Human preferences, in turn, can directly shape machine behavior, in particular through reinforcement learning with human feedback (RLHF) R L H F. One way to conceptualize this is by viewing machines as students that generate arrays of solutions, with humans acting as teachers who select the most suitable ones. This process can nudge machines towards desirable properties like helpfulness, honesty, and harmlessness . However, harvesting human annotators’ preferences at scale through RLHF can induce machines to adopt behaviors unintended by the deploying organizations, exemplified by chatbots that increasingly endorse inflated political views or express a heightened desire to avoid shutdown . Human influence on machine behavior also occurs through more subtle pathways: through training on human text alone LLMs picked up a tendency to repeat users’ stated views . Machines’ attention to human feedback may create selection pressures towards pleasing human interlocutors. For instance, humans may favor machines catering to non-factual stories and narratives that match concepts and ideas preferred by human cognition , such as those appealing to intuitive expectations about the natural world , or to specific religious practices .

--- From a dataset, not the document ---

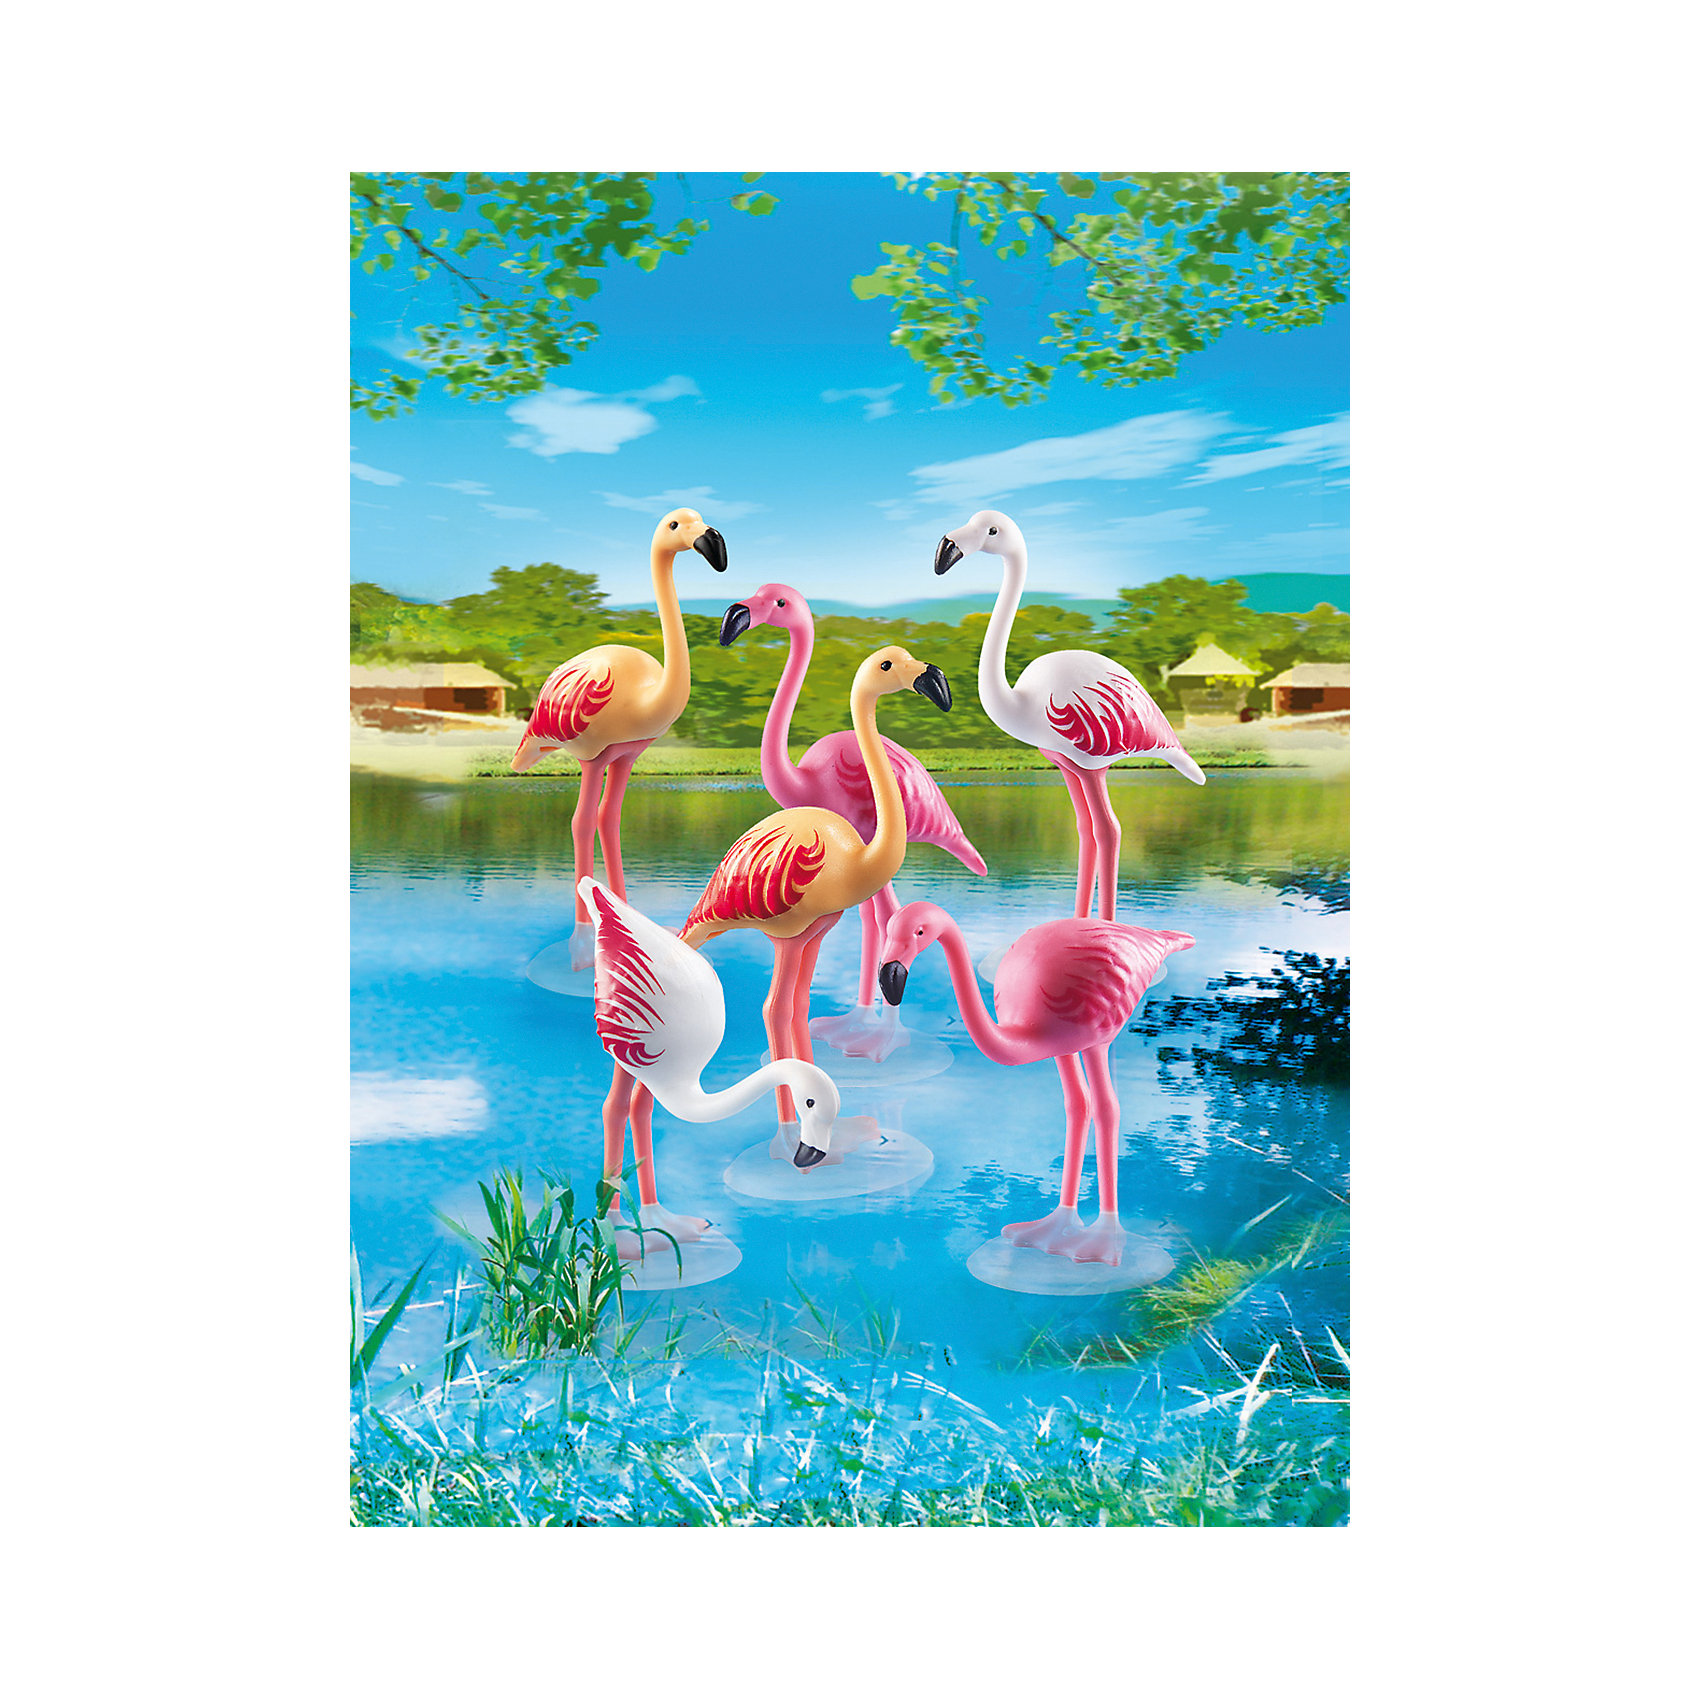 Зоопарк: Стая Фламинго, PLAYMOBILПластмассовые конструкторы<br><br><br>Ширина мм: 174<br>Глубина мм: 119<br>Высота мм: 35<br>Вес г: 37<br>Возраст от месяцев: 48<br>Возраст до месяцев: 120<br>Пол: Унисекс<br>Возраст: Детский<br>SKU: 3786377
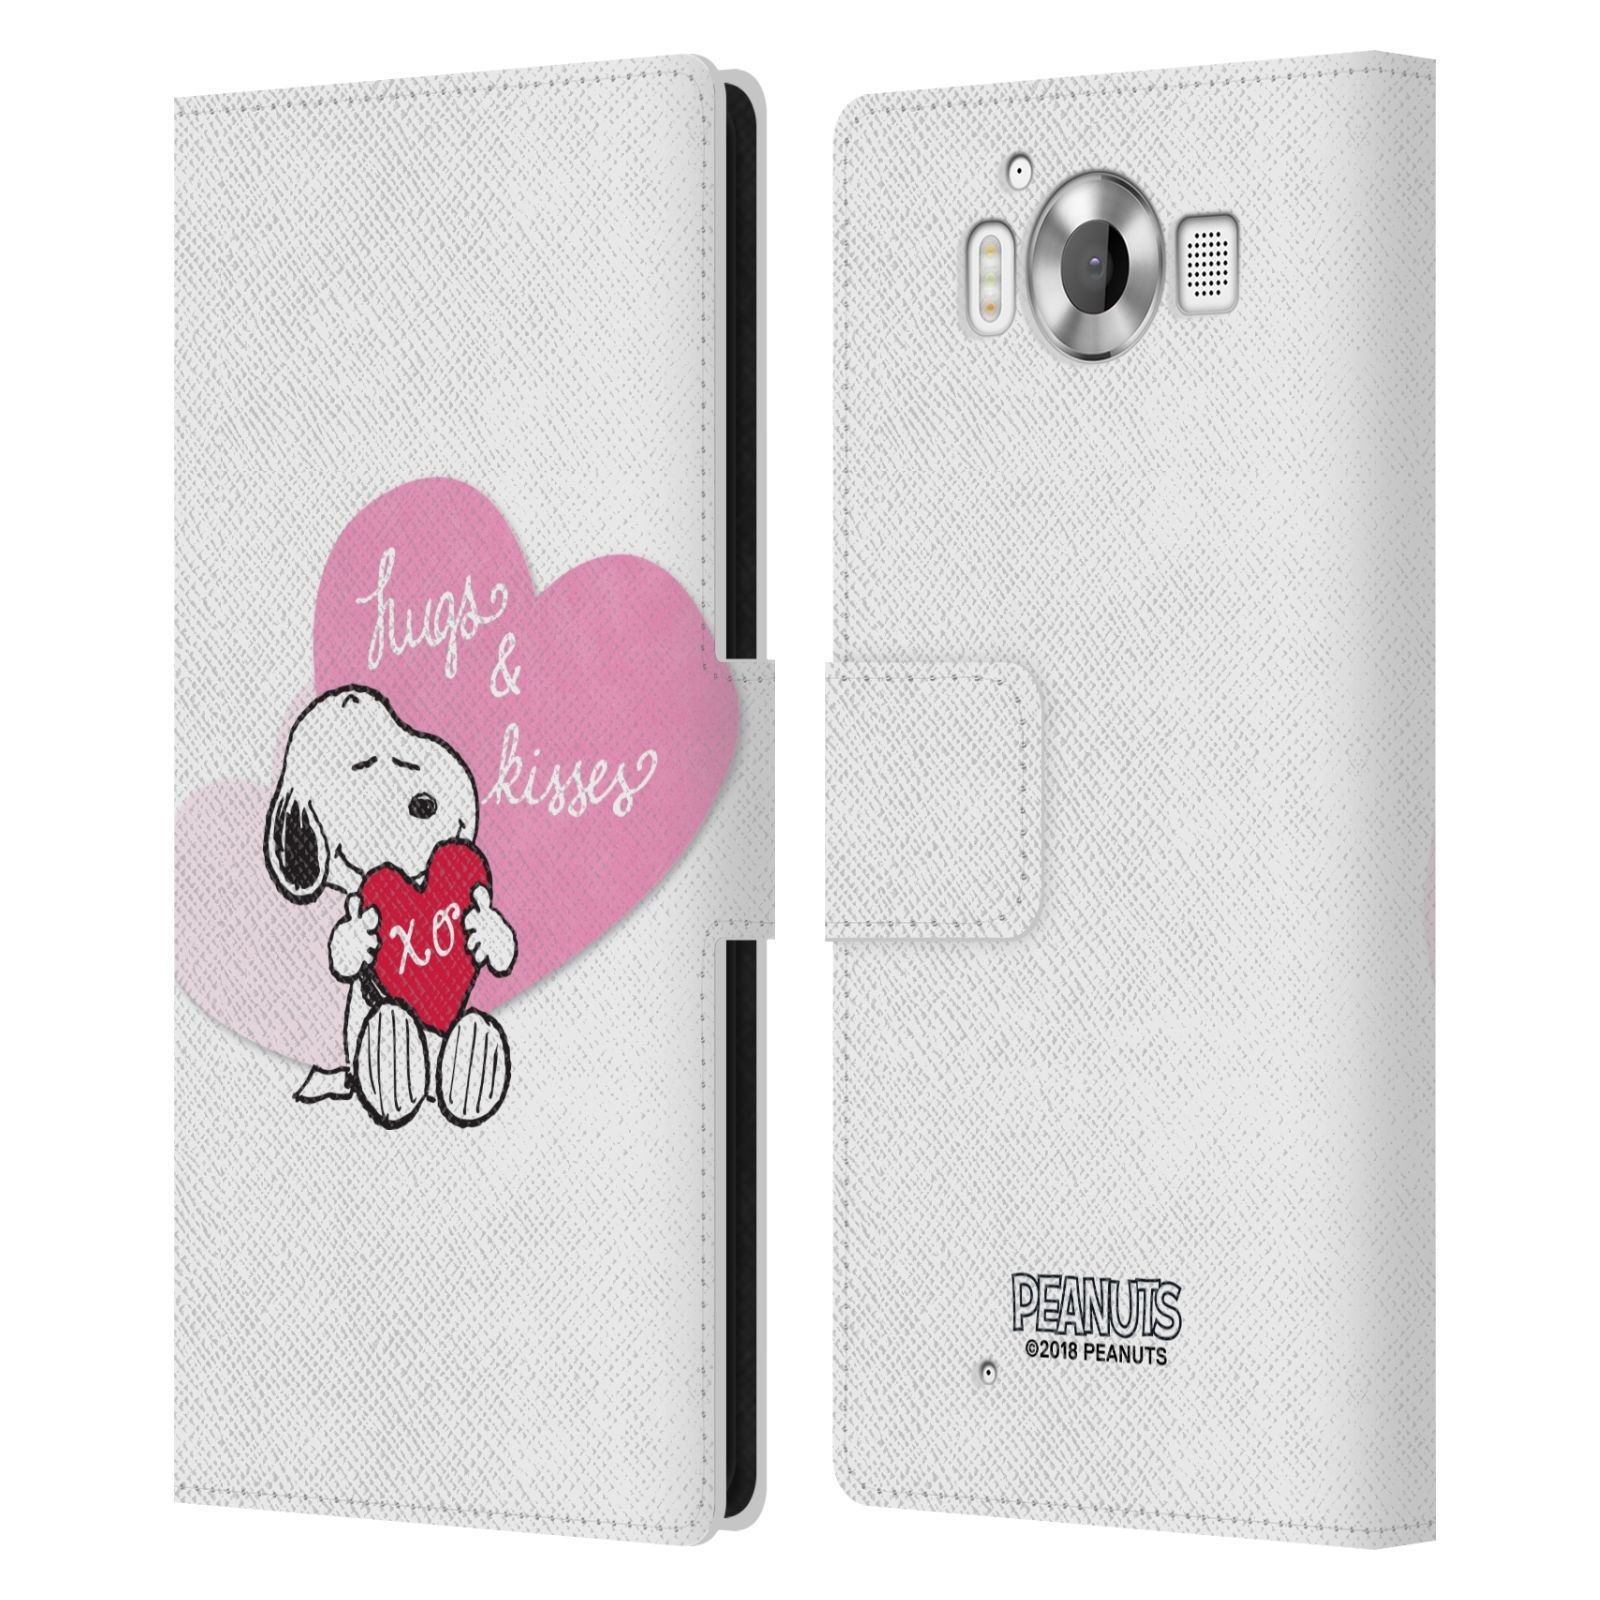 Pouzdro na mobil Nokia Lumia 950 - Head Case - Peanuts - Snoopy pejsek se srdíčkem

Humans select machine behavior also through direct creation and curation of training data for machine learning, and through more indirect interactions with machine-generated outputs. Despite efforts to watermark machine-created content , machine and human-made content will increasingly intertwine . For instance, it is estimated that many supposedly human-written texts on crowdsourcing platforms are already augmented by machines . Consequently, it seems inevitable that future machines will be trained on mixed human-machine content, forming part of a larger feedback cycle between content generation and selection. The human element in this cycle may prove crucial, for instance in preventing ‘model collapse’ — a dynamic where repeated training on machine-generated data narrows its outputs to very few traits . This phenomenon stems from a classification bias that favors more prevalent classes , a bias that is amplified through successive iterations of learning . By contrast, when encountering similar challenges, human culture might preserve diversity by utilizing biases with counteracting effects, such as endorsing local conformity . That said, it seems likely that machines could recover similar strategies to maintain cultural diversity without human involvement.

Yet another pathway for human selection on machine behavior pertains to general machine properties. For instance, humans may choose between different intelligent machines available on the market based on factors such as preferences, cost, usefulness, harmfulness, and alignment with regulatory requirements. As such, the language model LLaMA recently gained attention for its relatively smaller size, making it more cost-effective to use . Conversely, ChatGPT outperformed many comparable models due to its superior accessibility and helpfulness . Human demands towards machines are likely to change over time, shaping the trajectory of machine culture similar to other historic cases where technologies evolved in response to changing human demands (e.g., the wheel from wooden wheels on carriages to rubber tires on automobiles). Crucially, if intelligent machines are designed and evaluated by non-representative experts, these systems run the risk of unintentionally reproducing and intensifying the biases inherent to their selectors .

Selection is also bound to occur at a level where machines or humans are favored over one another. For instance, the ability of machines to process vast amounts of information both quickly and accurately affords them a competitive edge in numerous cognitive tasks, such as strategic gameplay

and information retrieval. Relatedly, due to their cost-effectiveness and efficiency, intelligent machines may grow into the main workforce across various professional domains . However, analogous to how the invention of the car did not diminish interest in running as a sport, the proliferation of machines may not curtail human interest in intellectual pursuits; instead, it might redirect the focus from necessity to leisure and entertainment. Meanwhile, across various contexts, humans might favor other humans over machines due to their shared experience. For instance, even though present-day machines can conceive messages perceived as more empathic than messages conceived by humans , such messages may be perceived differently once recipients become aware of their artificial origin. This phenomenon, which could be referred to as the “artificial empathy paradox” may, at least in part, arise from the very fact that empathizing is effortful for humans and that, as such, it conveys a motivational social signal to others that is made void by machine-involvement. Selection between humans and machines does not imply that one agent dominates over the other in any cultural niche; oftentimes, one will augment — rather than fully replace — the other; other times, the presence of the other may trigger the development of new skills, or roles.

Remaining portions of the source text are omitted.